Она не сразу узнала его. Поняла, что это он, лишь когда подошел вплотную. Он переоделся, был в малиновом свитере, который ему очень шел, в черных брюках и вдобавок постригся – волосы уменьшились вдвое. Сделал руку калачиком, Лена зацепилась и, едва тронулись, начала возбужденно трещать. Он держал руку неподвижно, а Лена, не переставая трещать, терлась о его твердый мускул. Она рассказывала о всякой всячине: старинных зданиях, фонтанах, шашлыке, полковнике, якобы пристававшем в тбилисской котельной (“Я его усмирила за пять минут! У меня где сядешь – там и слезешь!”). Мускул кавалера ходил волнами: то ревниво каменел, то расслаблялся до резинового умиления.

– Ну и как в целом там?

– Подумаешь… Ничего особенного. У нас в Москве лучше!

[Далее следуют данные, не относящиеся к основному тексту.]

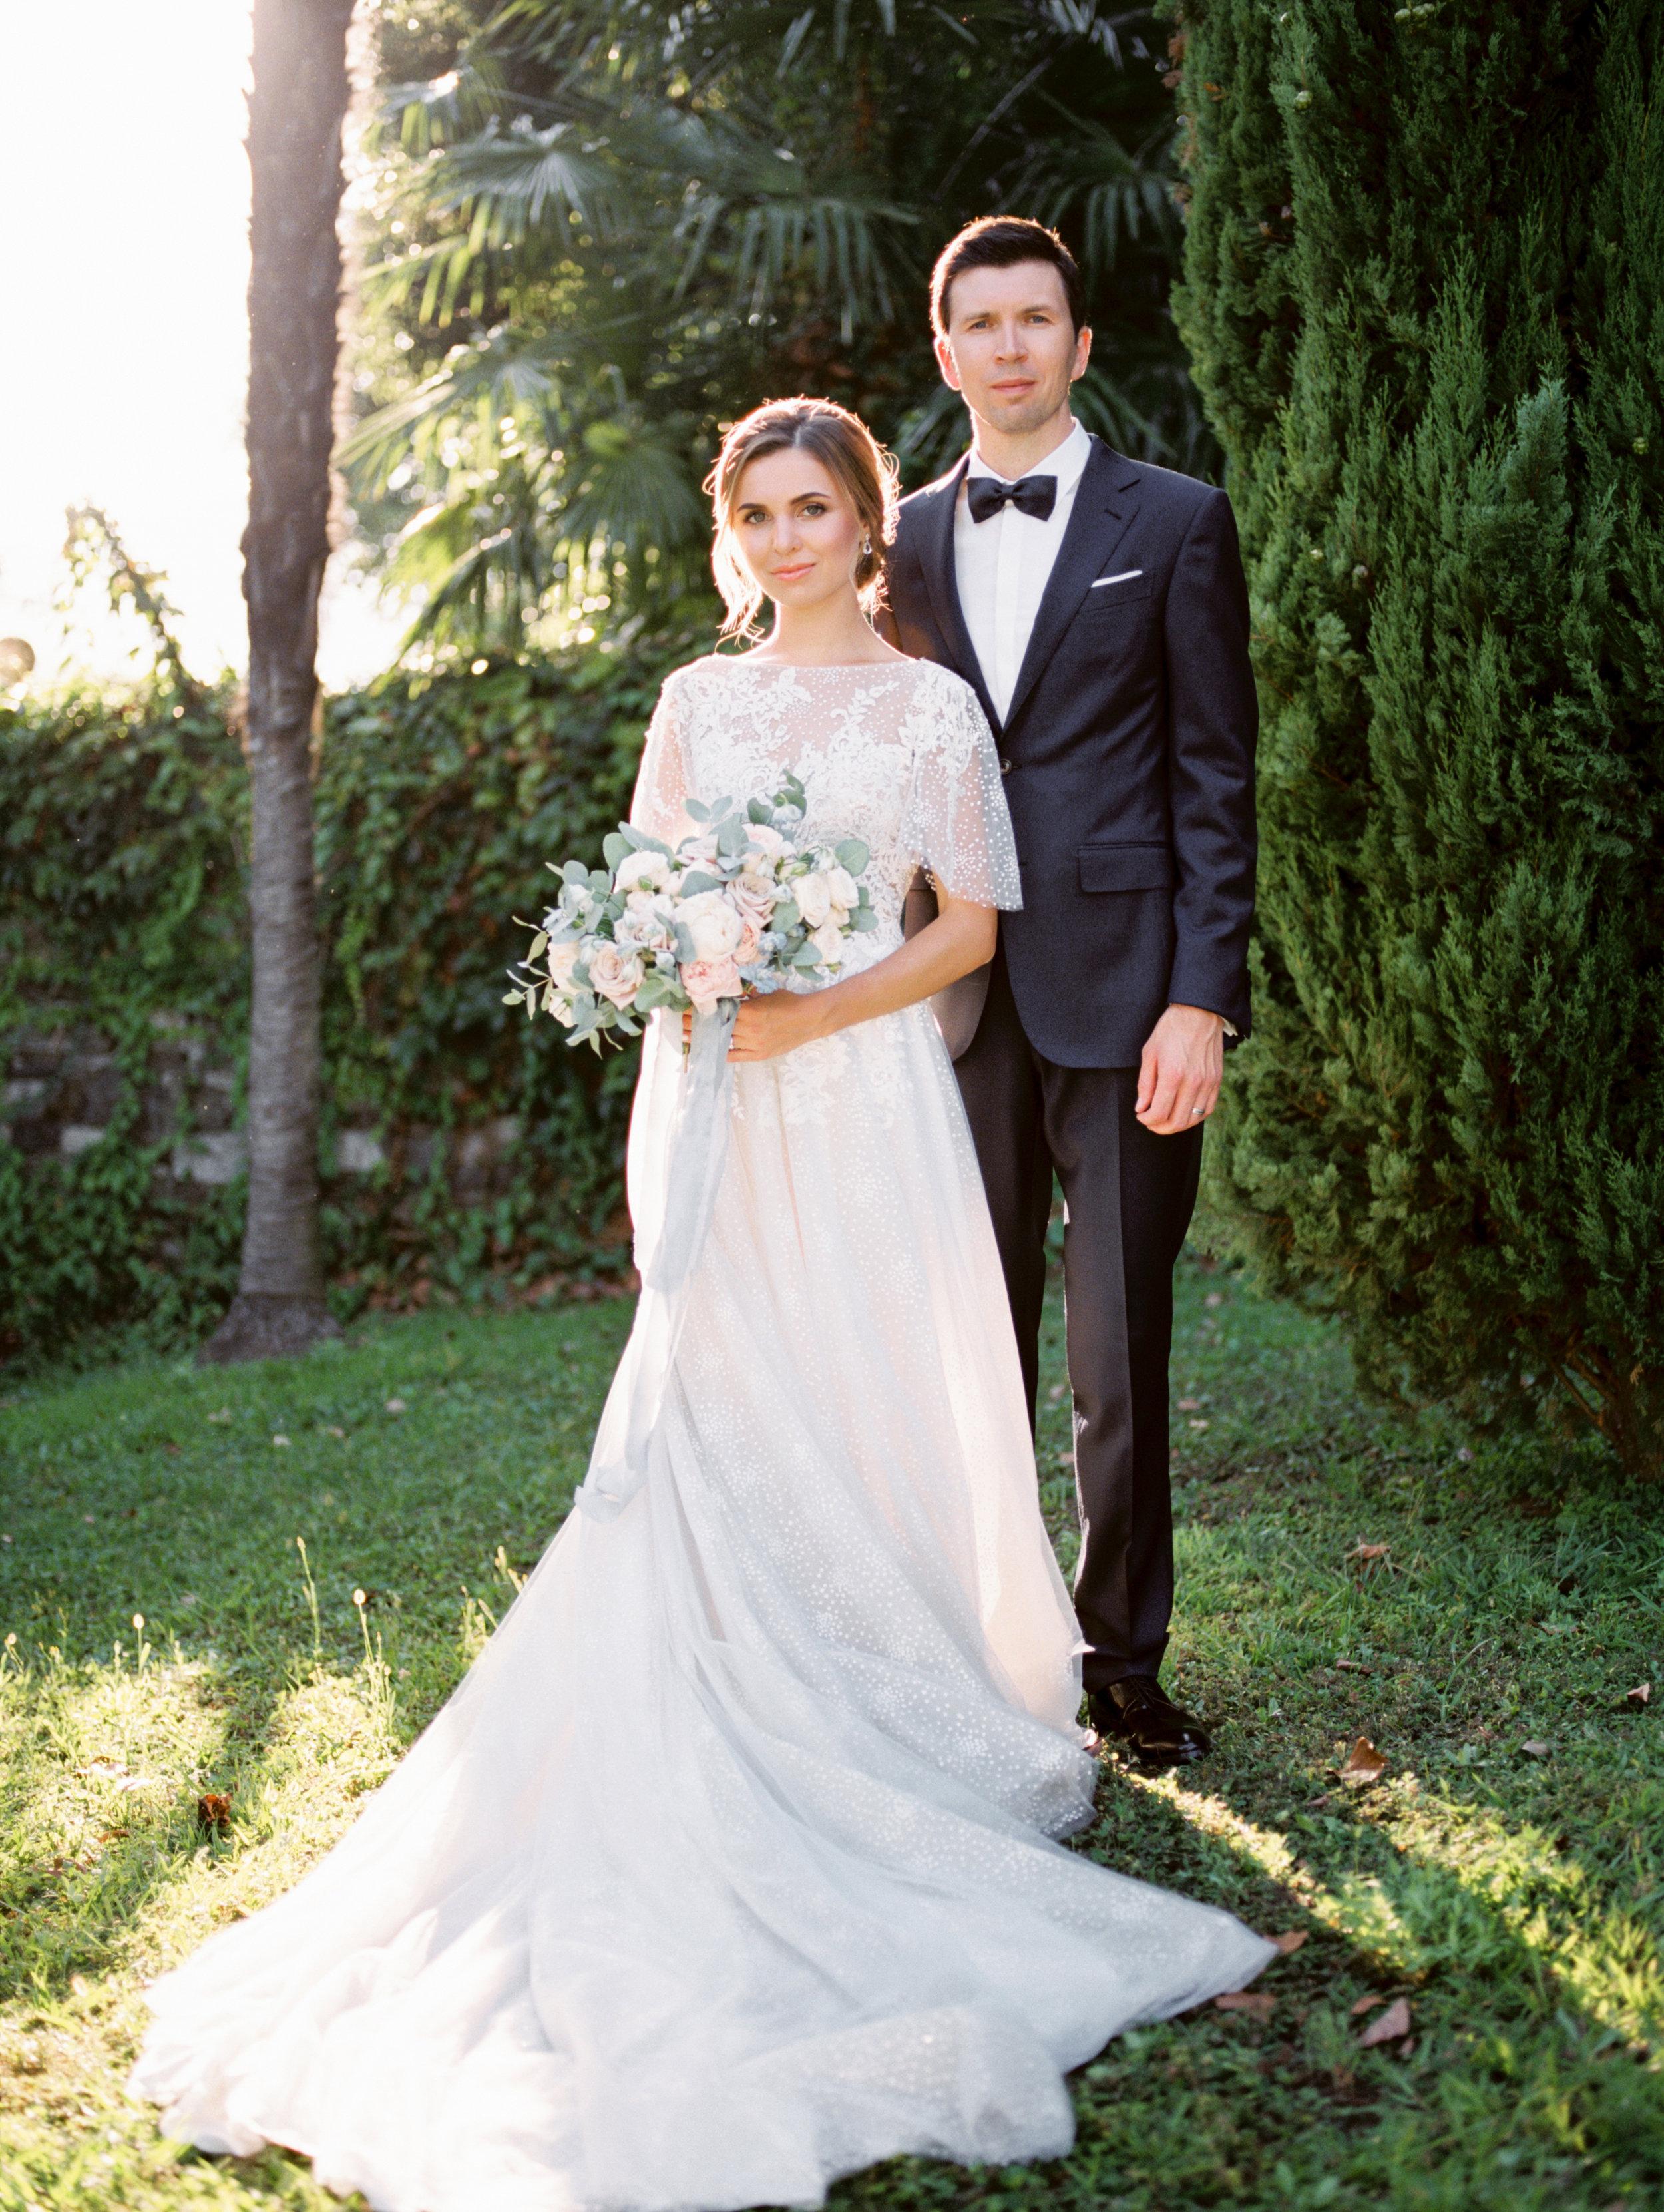 030-film-by-Marina-Fadeeva-wedding-photographer.jpg

– Честно? – Он остановился и заглянул ей в лицо. – Хорошая ты девчонка, Лена! – выдохнул с завистливой интонацией, как о чужой невесте.

В цирке им достались места у самой арены. Представление еще не началось, а Виктор уже подался вперед. Он потирал руки и посмеивался, словно в предвкушении застолья.

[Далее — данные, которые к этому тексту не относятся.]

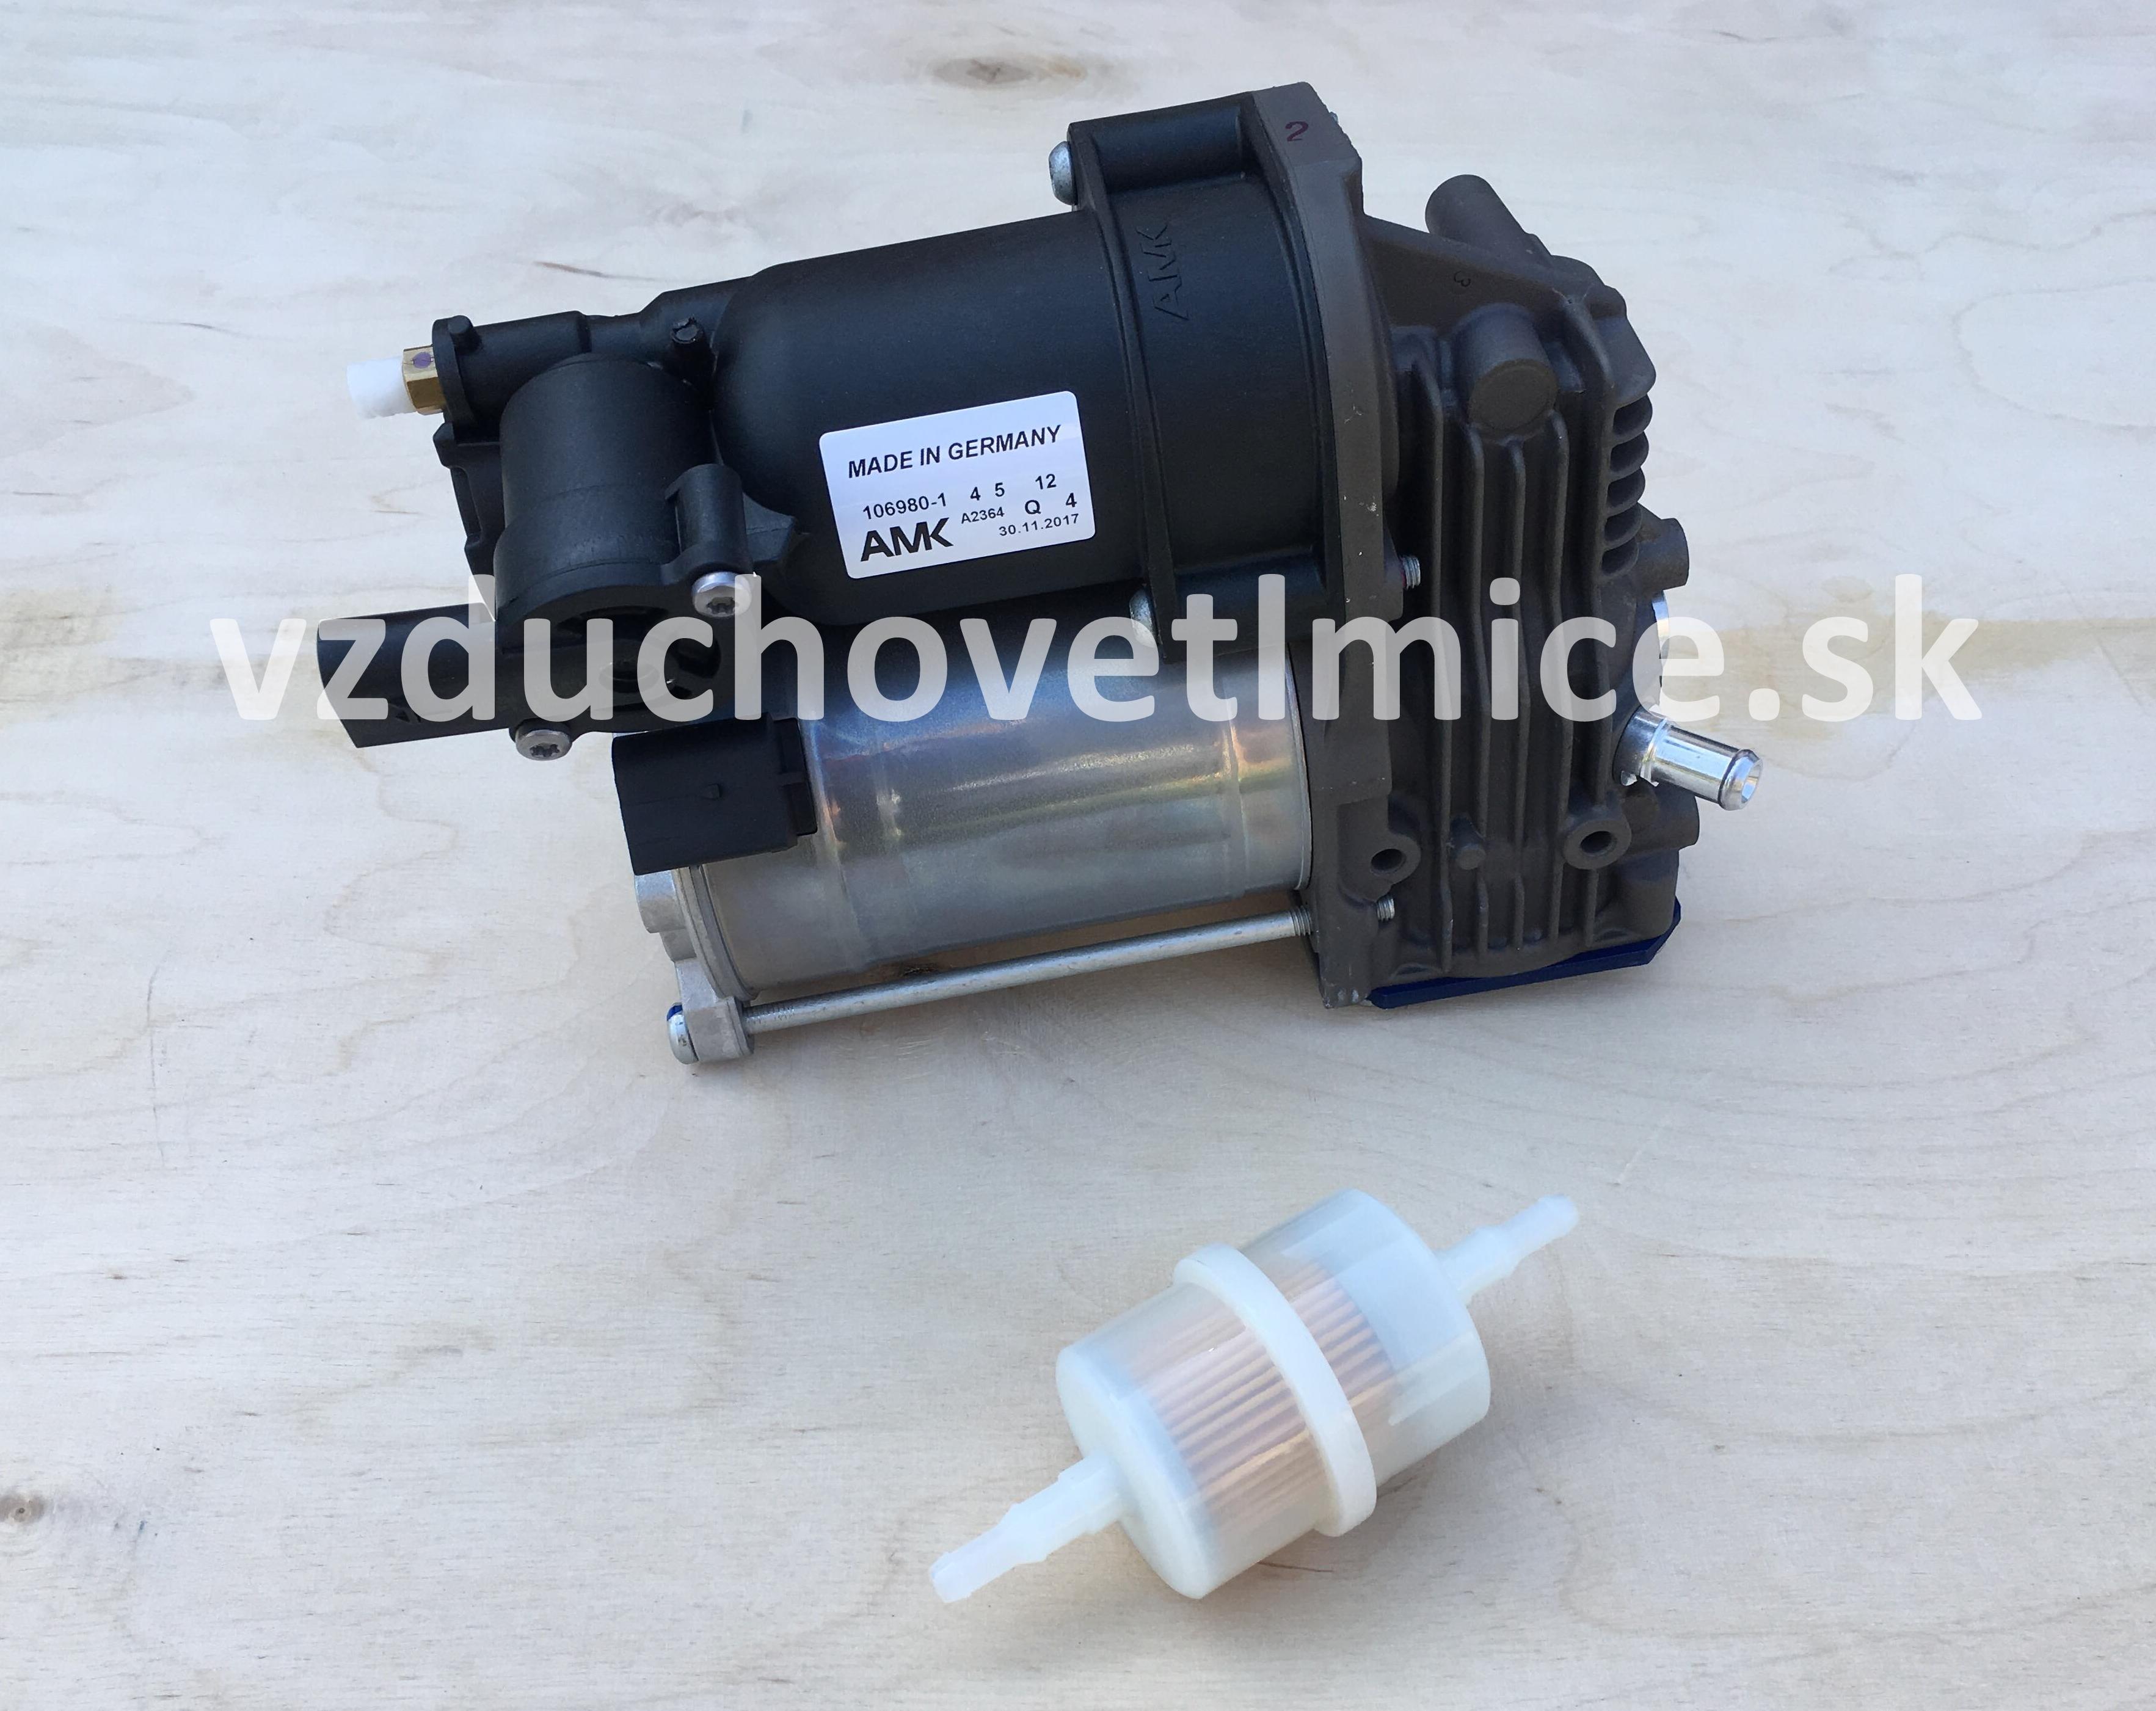 Vzduchový kompresor podvozku AMK Mercedes Benz Vito/Viano-class W639

Человек во фраке, с алым шариком на носу вышел на арену и выпустил из рукава петуха с мясистым гребнем. Петух пропел хрипло и злобно, одним махом перелетел в зал и вонзился сидевшей там женщине в каштановую халу Женщина завизжала, взвизгнула и Лена.

– Страшно? – спросил Виктор залихватски.

– Неа! Давно не была!

– Она подученная.

Клоун вывел женщину на арену, отцепил петуха, накинул на нее серое манто, которое тотчас рассыпалось и разбежалось стаей.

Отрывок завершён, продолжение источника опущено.